Learning from expert demonstrations to flexibly program an autonomous system with complex behaviors or to predict an agent's behavior is a powerful tool, especially in collaborative control settings. A common method to solve this problem is inverse reinforcement learning (IRL), where the observed agent, e.g., a human demonstrator, is assumed to behave according to the optimization of an intrinsic cost function that reflects its intent and informs its control actions. While the framework is expressive, it is also computationally demanding and generally lacks convergence guarantees. We therefore propose a novel, stability-certified IRL approach by reformulating the cost function inference problem to learning control Lyapunov functions (CLF) from demonstrations data. By additionally exploiting closed-form expressions for associated control policies, we are able to efficiently search the space of CLFs by observing the attractor landscape of the induced dynamics. For the construction of the inverse optimal CLFs, we use a Sum of Squares and formulate a convex optimization problem. We present a theoretical analysis of the optimality properties provided by the CLF and evaluate our approach using both simulated and real-world data.

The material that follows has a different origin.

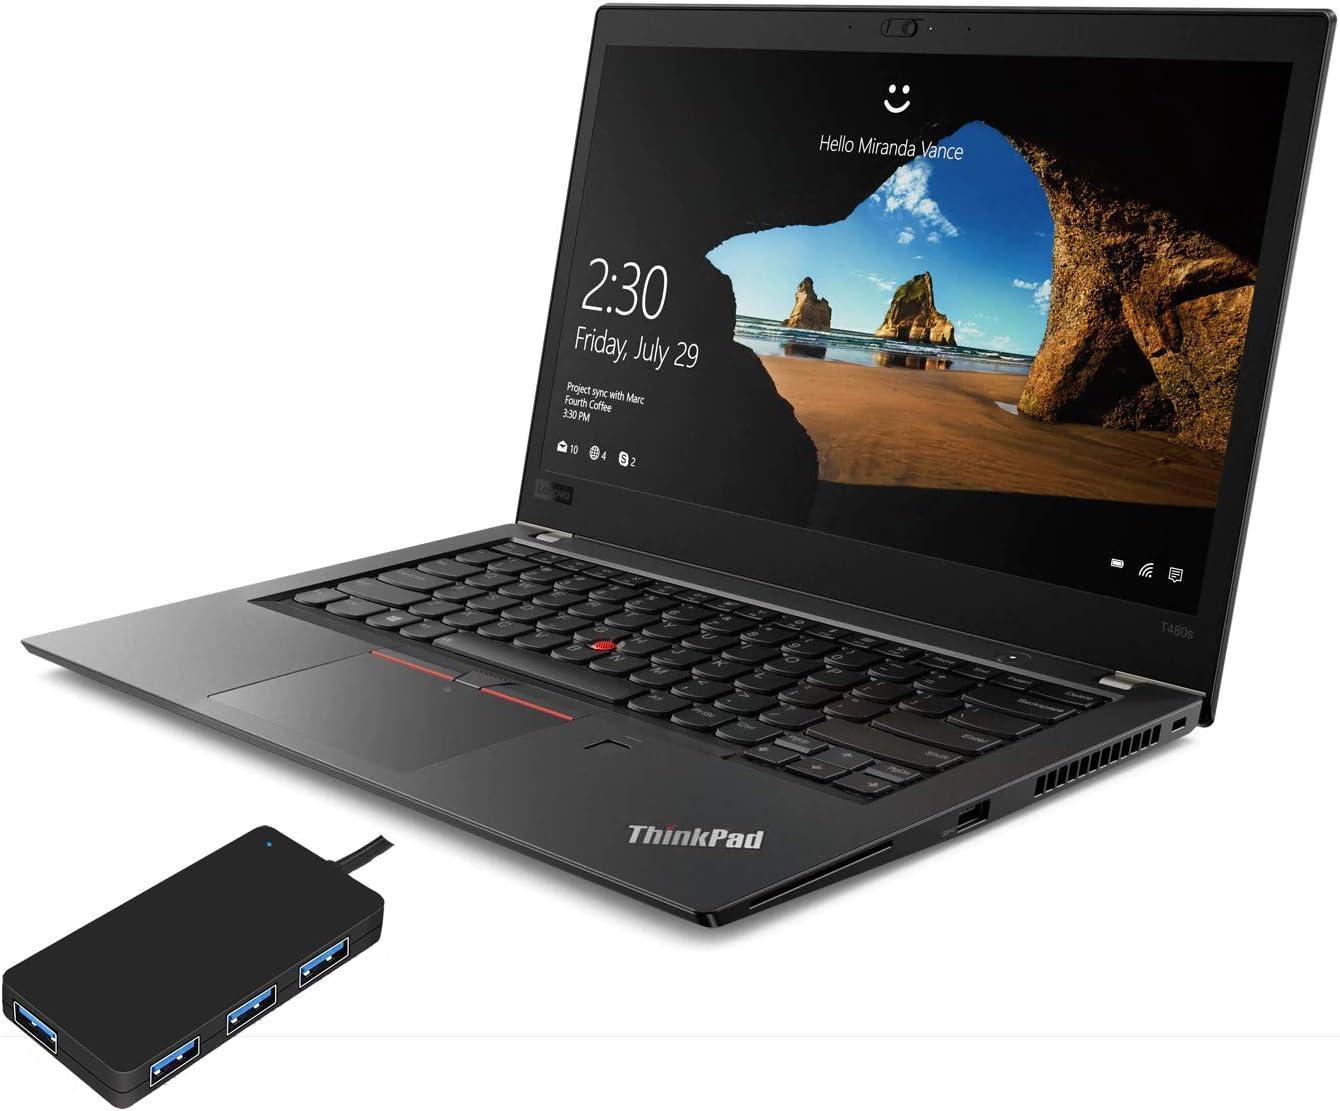 "Lenovo ThinkPad T480s Home and Business Laptop (Intel i7-8650U 4-Core, 40GB RAM, 512GB PCIe SSD, Intel UHD 620, 14.0"" Full HD (1920x1080), Fingerprint, WiFi, Bluetooth, Win 10 Pro) with USB Hub"

翻译：从专家示范中学习以灵活编程具有复杂行为的自主系统，或预测智能体行为是一种强大的工具，尤其在协作控制场景中。解决此问题的常用方法是逆强化学习（IRL），该方法假设被观测智能体（例如人类示范者）的行为遵循某一内在代价函数的优化，该代价函数反映其意图并指导其控制动作。尽管逆强化学习框架具有高度表达力，但其计算复杂度高且通常缺乏收敛性保证。为此，我们提出一种新型的稳定性认证逆强化学习方法，将代价函数推断问题重新表述为从示范数据学习控制李雅普诺夫函数（CLF）。通过进一步利用关联控制策略的闭式表达式，我们能够通过观测诱导动力学的吸引子景观高效搜索CLF空间。为构建逆最优CLF，我们采用平方和方法并构建凸优化问题。我们从理论上分析了CLF提供的最优性保证，并使用仿真数据与真实数据评估了所提方法。